The Early Interface between TRIPS and Human Rights
UN Sub-Commission on Human Rights
The adoption of TRIPS in 1994 and the following bilateral and regional ‘TRIPS-plus’ treaties has revealed that the way intellectual products are regulated through the grant of exclusive rights may have significant human rights implications. The first response to the issue, directly devoted to the relationship between human rights and intellectual property, came from the UN Sub-Commission on the Protection and Promotion of Human Rights (‘Sub-Commission’) in 2000. In its resolution 2000/7 ‘Intellectual property rights and human rights’1 with its focus on TRIPS, the Sub-Commission warned that ‘actual or potential conflicts exist between the implementation of TRIPS and the realization of economic, social and cultural rights’.2 The Sub-Commission listed as areas of human rights concern: (a) impediments to the transfer of technology to developing countries; (b) the consequences for the enjoyment of the right to food of plant variety rights and the patenting of genetically modified organisms; (c) ‘bio-piracy’ and the protection of traditional knowledge; and (d) the implications for the right to health of restrictions on access to patented pharmaceuticals.3
To resolve potential conflicts between intellectual property and human rights, the Sub-Commission urged all States to recognise ‘the primacy of human rights over economic policies’ when designing national law and policy concerning intellectual property.4 Furthermore, the Sub-Commission requested the WTO to ‘take fully into account the existing State obligations under international human rights’.5 The various UN bodies, including the Secretary-General, the High Commissioner for Human Rights, the Committee on Economic, Social and Cultural Rights (CESCR), and the World Intellectual Property Organization were recommended to analyse the human rights implications of TRIPS.6 A significant number of reactions from other UN human rights bodies, various intergovernmental organisations, governments and NGOs followed.7
WTO and WIPO
The WTO drew an analogy between the intellectual property system and human rights in its reply to the Sub-Commission’s critique of TRIPS. It took special note of authors’ rights to the protection of moral and material interests resulting from their work under Article 27(2) of the UDHR and Article 15(1)(c) of the ICESCR.8 The WTO stated that ‘it can be argued that TRIPS also seeks to give effect … to article 15(1)(c) [of the ICESCR]’.9 It also considered that Article 7 setting out the objectives of TRIPS ‘corresponds with the objectives of article 15(1)(a) and (b) of the ICESCR’ recognising the right of everyone to take part in cultural life and to enjoy the benefits of scientific progress and its applications.10 Article 7 of TRIPS (Objectives) states that ‘the protection and enforcement of intellectual property rights should contribute to the promotion of technological innovation and to the transfer and dissemination of technology, to the mutual advantage of producers and users of technological knowledge and in a manner conducive to social and economic welfare, and to a balance of rights and obligations’.11 The WIPO, similarly, stated that intellectual property and human rights both require ‘resolving tensions and striking balances’ between ‘the rights of creators and those of users’,12 referring to Article 15 of the ICESCR and Article 27.2 of the UDHR.13
UN High Commissioner for Human Rights
The UN High Commissioner for Human Rights also recognised that there exist links between TRIPS and human rights.
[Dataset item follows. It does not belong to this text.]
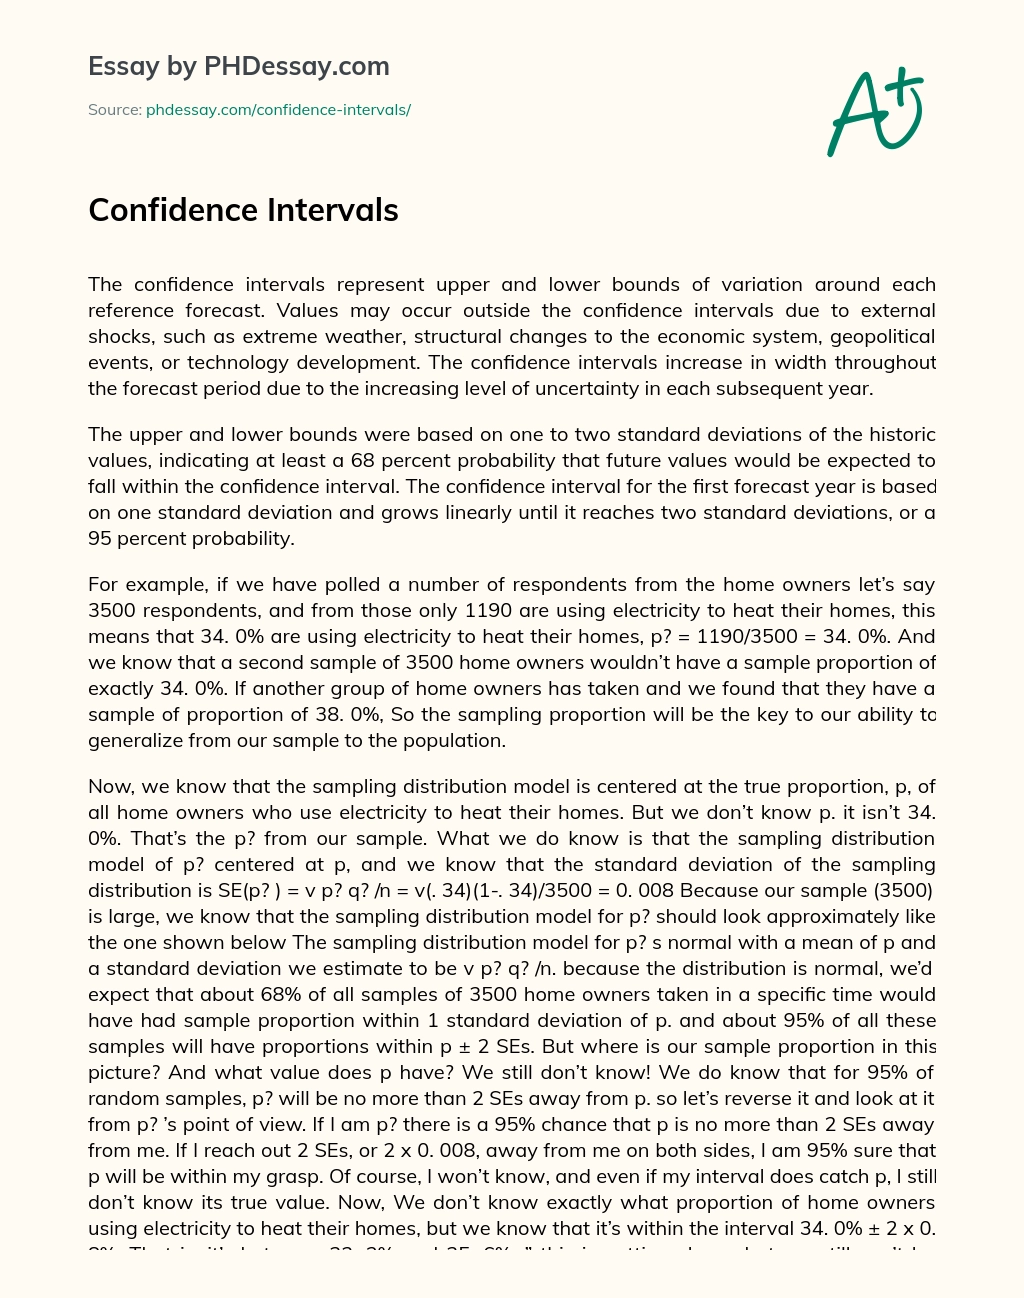 Confidence Intervals essay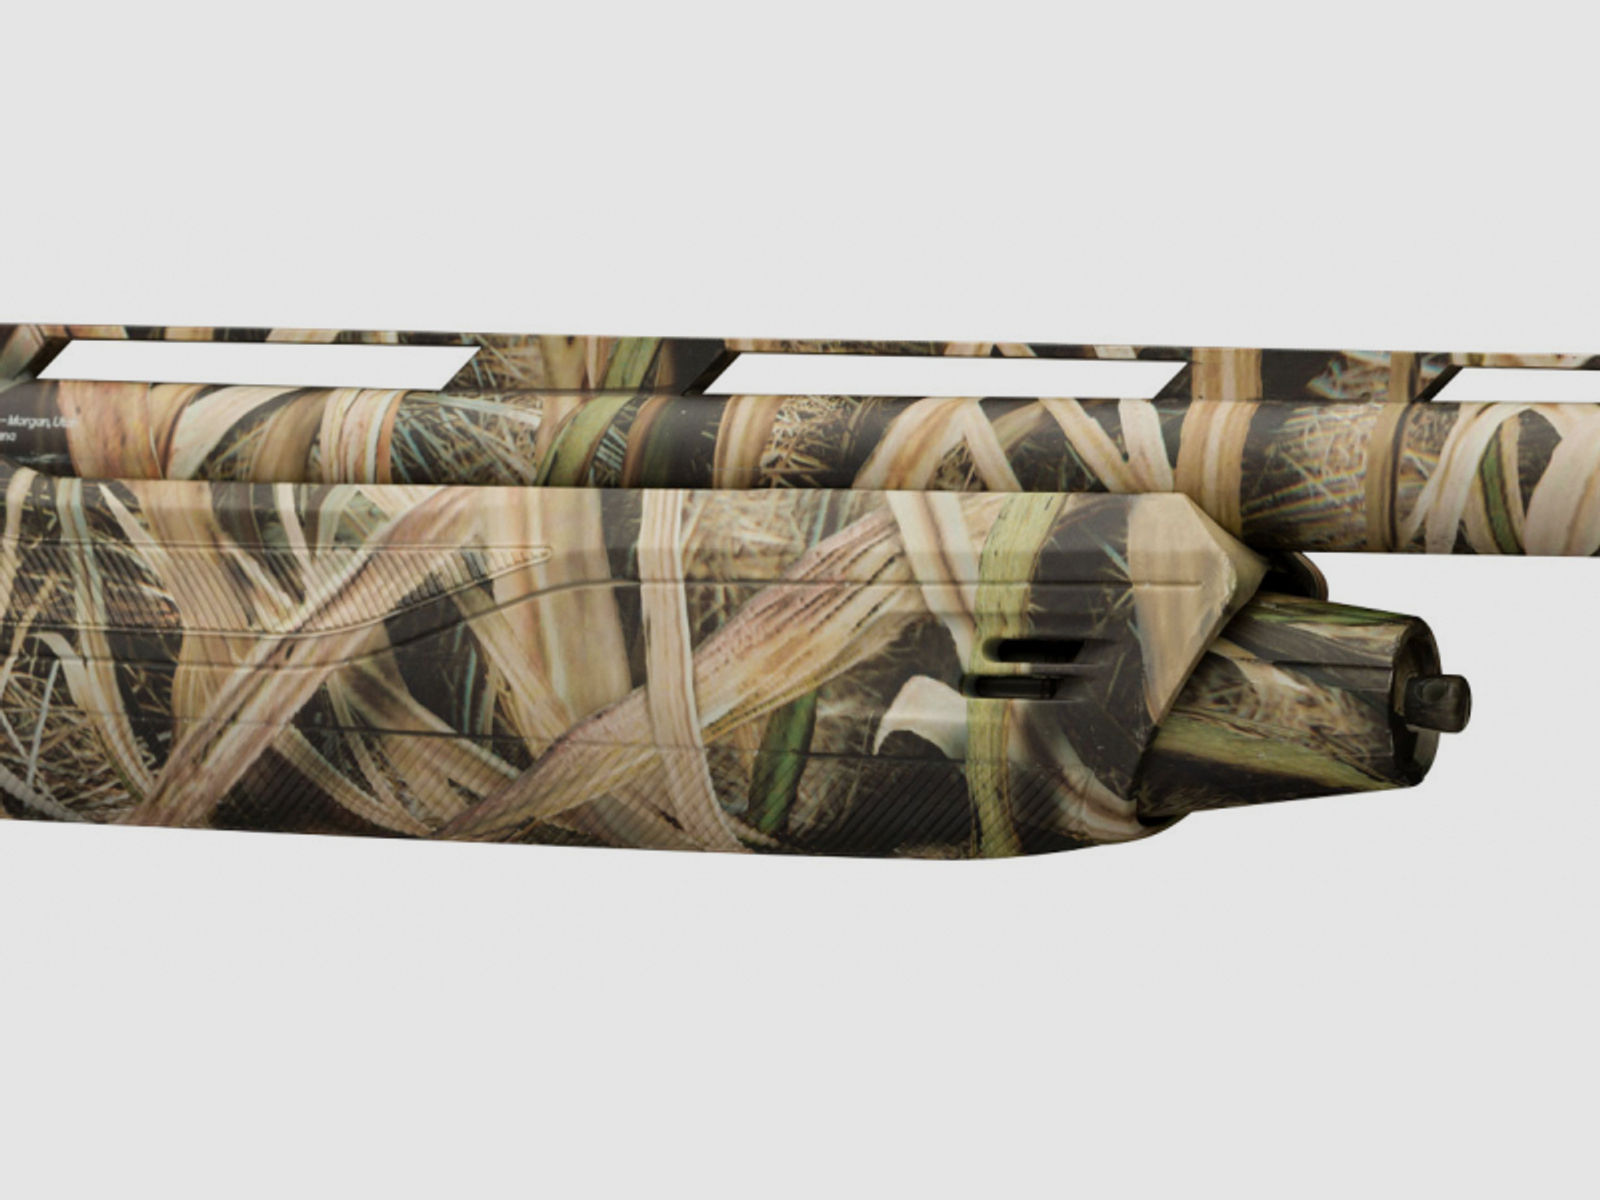 Selbstladeflinte Winchester SX4 Kaliber 20/76 Camo Waterfowl

However, the High Commissioner posed a question as to ‘whether TRIPS strikes a balance that is consistent with a human rights approach’.14 On this question, the High Commissioner for Human Rights made several preliminary remarks, which can be summarised as follows: (1) ‘The promotion of public health, nutrition, environment and development’, which has close links with human rights, ‘are generally expressed in terms of exceptions to the rule’ in TRIPS, whereas ‘a human rights approach … would explicitly place the promotion and protection of human rights … at the heart of objectives of intellectual property protection’.15 (2) TRIPS does not provide the content of the responsibilities of intellectual property holders, as opposed to the detailed rules of their rights, and thus the balance under TRIPS may not be consistent with a human rights approach.16 (3) TRIPS might restrict States’ capacities to protect and promote human rights.17 (4) The protection of traditional knowledge is not provided for in TRIPS.18 Further, the report of the High Commissioner for Human Rights provided an analysis of the impact of TRIPS in the context of the right to health, substantiating the need to review TRIPS in light of human rights.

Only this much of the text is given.